RA and FGF signaling act independently of each other during tooth induction

The induction of the first pair of pharyngeal teeth is FGF dependent in teleosts, but a lack of FGF signaling does not impair pitx2a expression in the tooth bud (10). To understand the relationship between FGF and RA signaling in the process of tooth induction, we determined the developmental time during which FGF signaling is required to induce the pharyngeal teeth by treating wild-type embryos with SU5402, a compound that has been shown to bind to FGF receptors and to concomitantly block signaling (45, 46), for different periods of development. We observed that blocking FGF signaling at any stage before 48 hpf abolished tooth induction, while later treatments had no effect on the onset of dlx2a and dlx2b expression in the tooth bud (Table 1). To investigate the epistatic relationship between the RA and the FGF signaling pathways, we concomitantly activated the RA pathway and inhibited the FGF signaling pathway. We found that exogenous RA, applied from 32 to 56 hpf, fails to rescue the expression of dlx2 genes in the tooth buds at 56 hpf when FGF signaling has been inhibited during the same developmental interval (Fig. 3AF).

Figure 3.

Figure 3.

RA and FGF signaling act independently during tooth induction. A–F) Exogenous RA applied at 32 hpf does not restore dlx2a (C) or dlx2b (F) expression when Fgf signaling has been blocked at 32 hpf. G–J) Ectopic activation of FGF signaling using an inducible fgf10a construct does not restore dlx2a (H) or dlx2b (J) expression in RA-depleted embryos. White arrowheads indicate absence of tooth induction. All in situ hybridizations were performed at 56 hpf. Scale bars = 100 μm.

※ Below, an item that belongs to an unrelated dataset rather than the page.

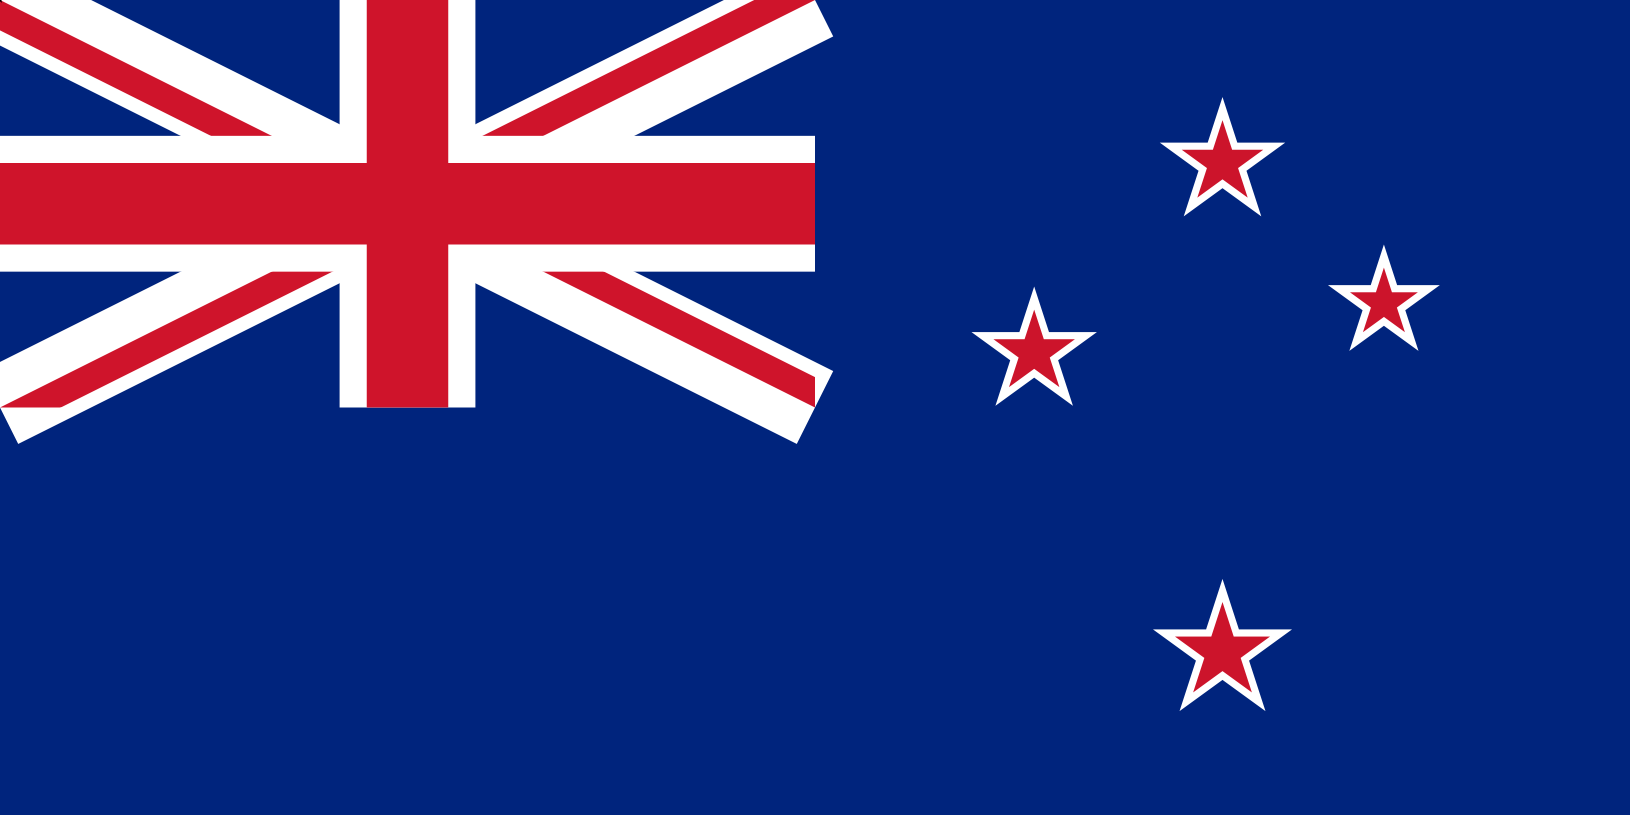 Podoba nacionalno zastavo države Nova Zelandija v resoluciji 1630x815

Expression of fgf10a, using a heat-inducible construct (hsp70:fgf10a-GFP), leads to widespread formation of ectopic teeth along the fifth ceratobranchial arch. However, ectopic teeth are never observed more anteriorly under fgf10a ectopic expression (e.g., on ceratobranchial arch 4 or more anteriorly; unpublished results). To study whether exogenous FGF signaling can restore tooth induction in the absence of RA, we injected wild-type zebrafish at the 1-cell stage with hsp70:fgf10a-GFP DNA, blocked RA signaling at 38 hpf using DEAB, and subsequently induced fgf10a expression by applying a heat shock at 40 hpf. These experiments failed to restore expression of dlx2a or dlx2b in the tooth bud (Fig. 3H, J), and mineralized teeth could not be detected at 100 hpf (not shown). We conclude from these experiments that RA and fgf are both required in independent pathways to induce teeth in zebrafish.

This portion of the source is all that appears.